Atomkraftwerke in Frankreich: Bei Hitze und Kälte läuft nichts mehr
Die meisten französischen Meiler werden mit Flusswasser gekühlt. Das wird derzeit wieder einmal knapp. Wenn die Trockenheit weiter anhält, müssen bis zu 44 Reaktoren vom Netz.
PARIS taz | Wie Deutschland leidet auch Frankreich unter einer anhaltenden Trockenheit. Von diesem Wassermangel sind nicht nur die Landwirte, die Haushalte und die Industrie betroffen – sondern auch die meisten Atomkraftwerke in Frankreich. Eben diejenigen, die für ihre Kühlung Flusswasser verwenden.

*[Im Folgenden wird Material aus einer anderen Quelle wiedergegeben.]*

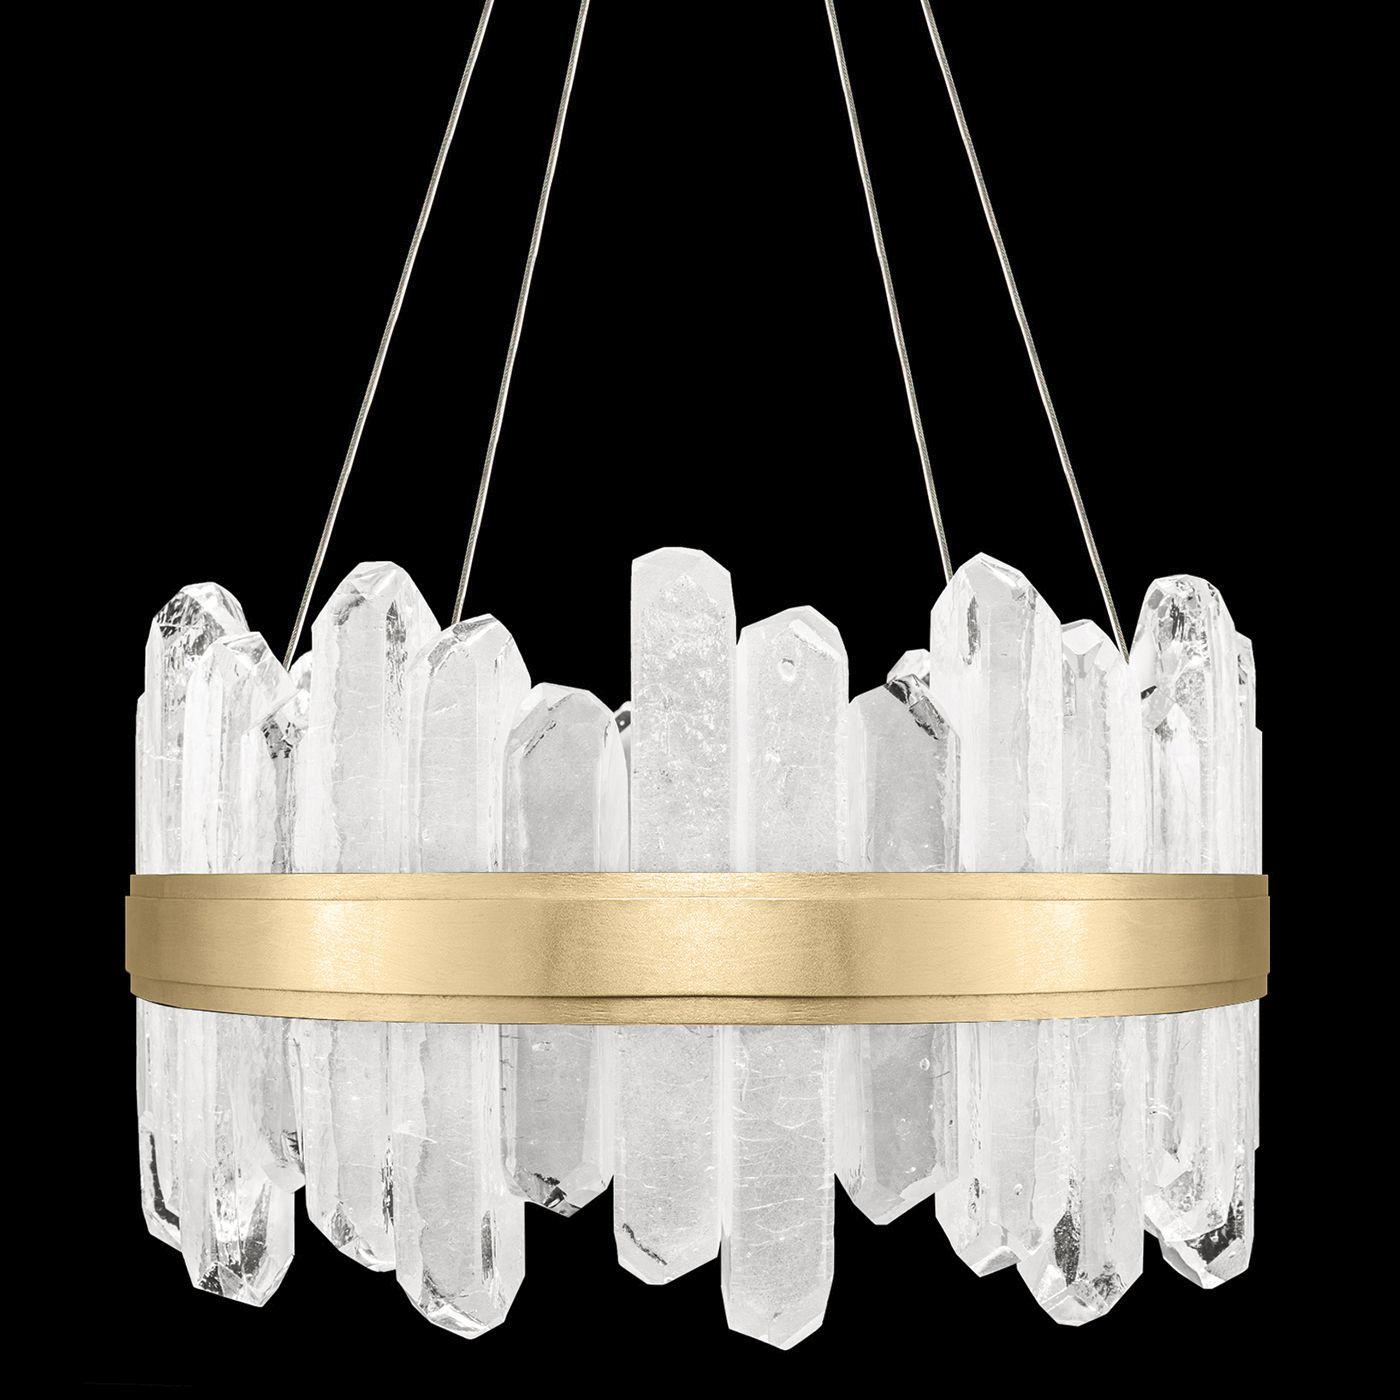 Lior short symmetrical crystals chandelier fine art lamps at lights arubaitofo Choice Image

Dieses Kühlwasser stellt rund 60 Prozent des gesamten Wasservolumens dar, das aus Oberflächengewässern entnommen wird. Da das Kühlwasser anschließend wieder in die Flüsse zurückgeleitet wird, werden schnell die Grenzwerte überschritten, die für die Erwärmung des Flusswassers noch erlaubt sind.
Atomkraftgegner wie Stéphane Lhomme vom Observatoire du nucléaire sieht hier die "Achillesferse" der französischen Atomstromproduktion: "Es besteht die Gefahr, dass 44 der 58 Reaktoren in Frankreich abgestellt werden müssen." Besonders kritisch sei die Situation bereits in den Anlagen von Golfech an der Garonne und Civaux an der Vienne.

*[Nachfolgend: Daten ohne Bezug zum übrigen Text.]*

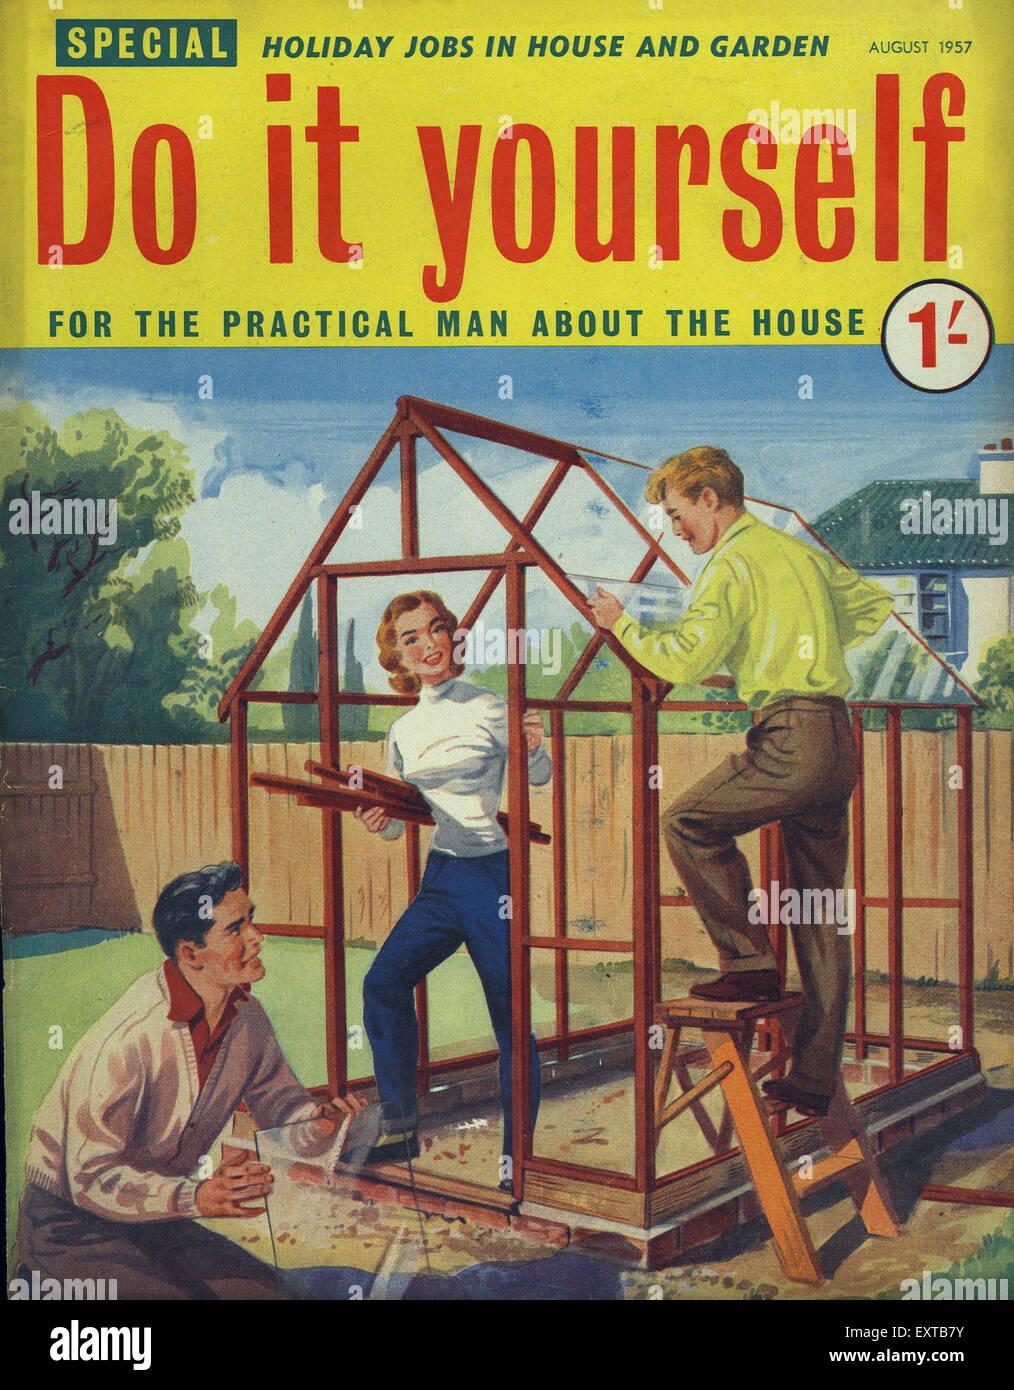 1950s uk do it yourself magazine cover stock photo 85358223 alamy 1950s uk do it yourself magazine cover solutioingenieria Choice Image

Schwere Versorgungsengpässe dürften sich erst recht ergeben, weil Frankreich – entgegen einer auch kürzlich von Industrieminister Eric Besson wiederholten – seit 2004 netto mehr elektrischen Strom aus Deutschland bezieht, als es dorthin exportiert.
Der lange Zeit bedingungslose Rückhalt der Franzosen für die Atomstrom-Produktion im Lande bröckelt seit der Reaktorkatastrophe von Fukushima. In einer am Sonntag vom Journal du Dimanche veröffentlichten Umfrage des renommierten Ifop-Instituts sprachen sich 62 Prozent der befragten Franzosen für einen Atomausstieg aus. Wenige Tage nach dem Erdbeben in Japan - das zur Katastrophe von Fukushima führte - waren es gerade mal etwas mehr als die Hälfte (51 Prozent).
Statt wie damals 30 Prozent sind heute nur noch 22 Prozent dafür, dass Frankreich unbeirrt an seinen Meilern festhält, die etwa 80 Prozent der Stromproduktion im Lande decken. Selbst bei den Wählern von Präsident Sarkozys bürgerlichem Lager bröckelt der Rückhalt bei dieser Frage. Aber auch die oppositionellen Sozialisten sind in Gegner und Befürworter der Atomkraft gespalten. (dpa)
Mit der definitiven Schließung von sieben deutschen AKWs verschärfen sich die Probleme. Das gilt übrigens nicht nur für die Hitze im Hochsommer, sondern erst recht auch bei extremen Temperaturschwankungen im Winter: Als das AKW Saint-Laurent gebaut wurde, hatte niemand in Betracht gezogen, dass die Loire gefrieren könnte, die zur Kühlung von vier AKWs dienen muss.
Wie Lhomme erzählt, musste im Januar 1987 der Reaktor A1 in Saint-Laurent notabgeschaltet werden, weil seine Kühlung aus der zugefrorenen Loire nicht mehr möglich war. Nur durch vorschriftswidrige Improvisationen habe der französische Stromkonzern EDF eine dramatische Entwicklung vermeiden können.
Für die Kritiker des Observatoire du nucléaire ist somit der doppelte Beweis erbracht, dass die Atomenergie keine Lösung für die Probleme des Klimawandels darstellt, sondern bei den erwarteten Temperaturausschlägen im Gegenteil gravierende Risiken birgt.
Atomstrom würde keineswegs eine Versorgung mit "günstiger" Energie garantieren, wie dies die Atomkraftlobby in Frankreich verspricht. Jetzt könne "EDF nur noch beten, dass der Regen fällt", um so zu vermeiden, dass die Mär von der zuverlässigen Energiequelle Atomkraft ein weiteres Mal auffliegt, spottet Lhomme.